Des questions qui méritent mieux

Sans qu'on puisse s'en étonner le moindrement, au moins un groupe de motards criminalisés avait infiltré la Société d'assurance automobile du Québec (SAAQ). Une taupe, contrainte de collaborer pour compenser des dettes de drogues, remettait à l'organisation criminelle des renseignements personnels et confidentiels sur des policiers. Découverte grâce au travail d'un agent double, la taupe est mise hors jeu. Mais les questions demeurent. Y a-t-il d'autres taupes à la SAAQ? Y en a-t-il dans d'autres services publics ou privés? Que faire pour empêcher une telle infiltration?

Une évidence, d'entrée de jeu, devrait s'imposer : dès qu'existe un réservoir d'informations, la tentation existe de le parasiter. On a tellement répété, en effet, que l'information, c'est le pouvoir, qu'on ne devrait pas rester baba de surprise quand on découvre que l'information attire toutes les ambitions. Les renseignements que vous accumulez avec les meilleures intentions du monde, d'autres voudront les faire servir à des fins dont vous n'avez pas idée. Cela est si patent, si manifeste, si « allant de soi » qu'on supplie les gouvernements, qui comprennent rarement de quoi on parle, de ne pas accumuler imprudemment trop de renseignements sur les citoyens. Eux-mêmes pourraient en abuser; d'autres pourraient s'infiltrer dans les banques de données et mettre l'information au service de fins peu ragoûtantes. Cela devrait être su : l'entreposage de l'information comporte des risques et impose des devoirs.
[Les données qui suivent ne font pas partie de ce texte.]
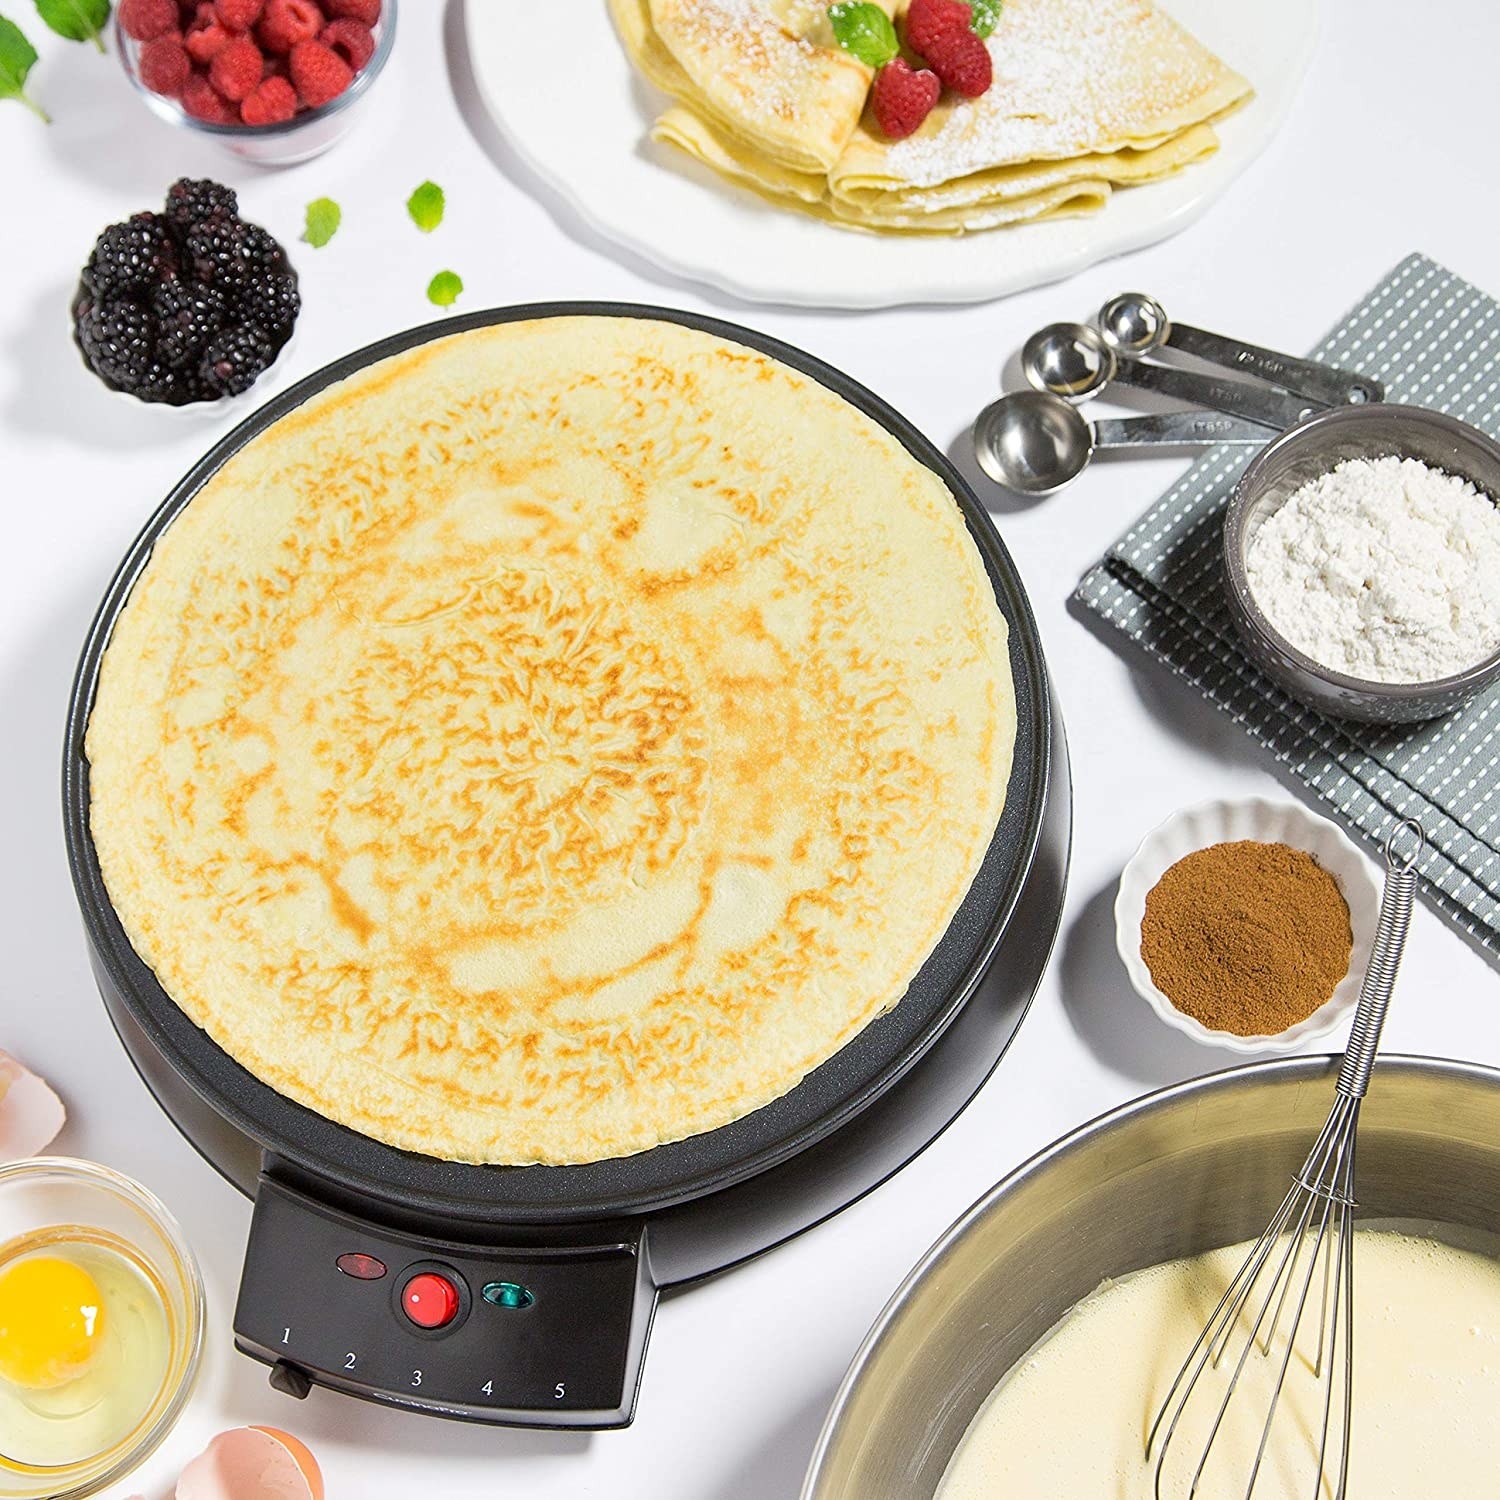 a flatlay of someone making a crepe on the flat-top crepe maker

Une autre évidence court à la rencontre de celle-là : l'efficacité éprouvée de toutes les formes d'intimidation et, plus particulièrement, du « chantage à l'otage ». Là encore, on ne devrait pas avoir à s'éterniser sur la démonstration. La peur d'être battu, blessé, mis à nu sur la place publique, torturé ou tué fait craquer l'immense majorité des humains. Quant à elle, la prise d'otages a peut-être été banalisée par les médias et le cinéma, mais sa récurrence ne lui a rien enlevé de son effroyable efficacité. Du bébé de Lindbergh à l'ocupation de l'ambassade américaine de Téhéran en passant par combien de détournements d'avions, la méthode a fait ses preuves. Prendre un otage, c'est frapper l'autre sous la ceinture. C'est mettre à genoux les plus courageux. C'est soumettre même ceux qui avaient résisté à la torture. C'est menacer les vies les plus chères ou, tout simplement, la vie. Il n'est guère de résistance possible et presque toutes les négociations auxquelles on consent alors ont quelque chose d'avilissant. Quand la prise d'otages frappe, toutes les logiques cèdent devant celle de celui qui tient le couteau sous la gorge. Cela aussi devrait être su, parce que cent fois observé.
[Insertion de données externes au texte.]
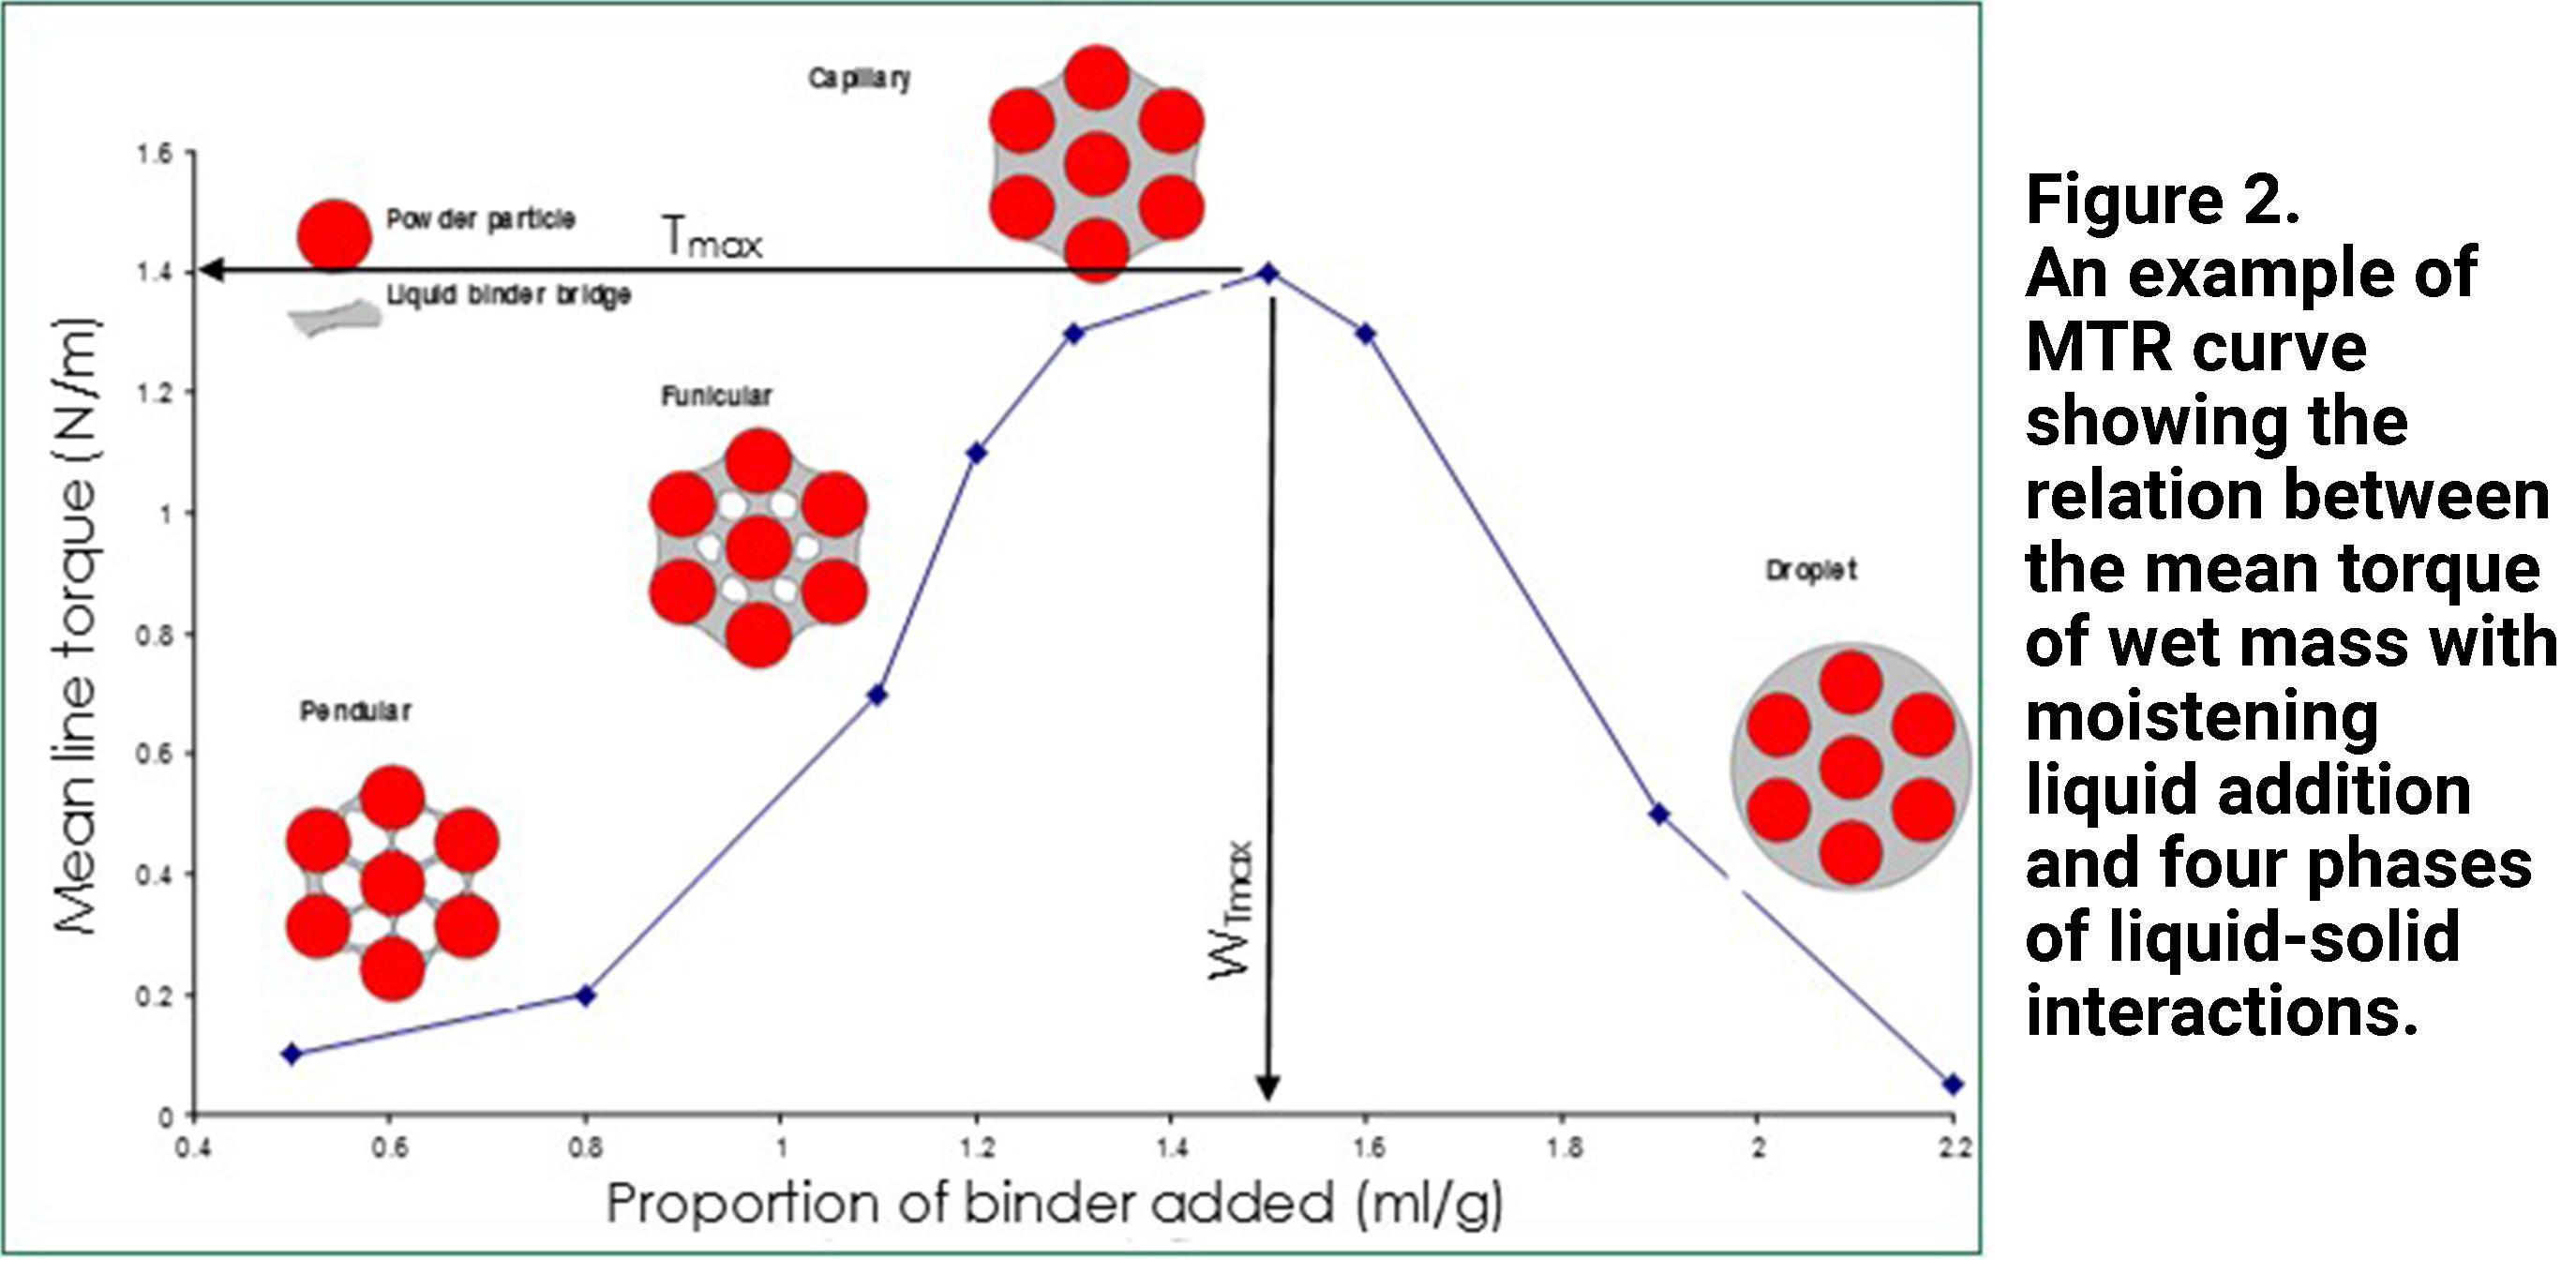 Example of the relationship between mean torque of wet mass with moistening liquid addition and four phases of liquid solid interactions

Quand un réservoir d'information suscite la convoitise de groupes rompus à l'intimidation et à tous les chantages, il se produit ce que l'on vient de découvrir à la Société d'assurance automobile du Québec. Le même risque, n'en doutons pas, existe aussi souvent que se multiplient les banques de données. La drogue ne circulerait pas dans les prisons et pénitenciers si des informations confidentielles n'avaient pas été dérobées et n'alimentaient pas le chantage sur les personnels ou les fournisseurs. Les rafles policières donneraient des résultats plus probants si l'information qui les concerne n'était pas transmise d'avance aux truands par des gens en possession des renseignements, mais soumis au chantage. La tricherie dans les appels d'offres et toutes les formes d'espionnage industriel seraient moins payantes et moins courantes si les pressions et le chantage ne pouvaient pas compter sur le vol d'informations confidentielles. L'information, c'est le pouvoir; l'information volée, dérobée, extorquée, c'est le pouvoir criminel.

À moins de croire que les gangs criminels sont stupides en plus d'être malhonnêtes, on doit savoir, par conséquent, qu'ils feront tout pour mettre l'information à leur service. On fera chanter la personne qui a accès à l'information. On utilisera l'information pour aviser le policier ou l'agent de la paix qu'on sait à quelle heure sa petite Nicole revient de l'école. On menacera le directeur de caisse populaire ou de banque selon une méthode analogue jusqu'à ce que le blanchiment d'argent se pratique sans sursaut. Qu'il s'agisse du ministère du Revenu, des agences de crédit, d'Hydro-Québec, d'une compagnie de téléphone ou de câblodistribution, la même implacable logique s'applique : on ira chercher l'information par intimidation ou par chantage pour ensuite pratiquer l'imparable chantage à l'otage.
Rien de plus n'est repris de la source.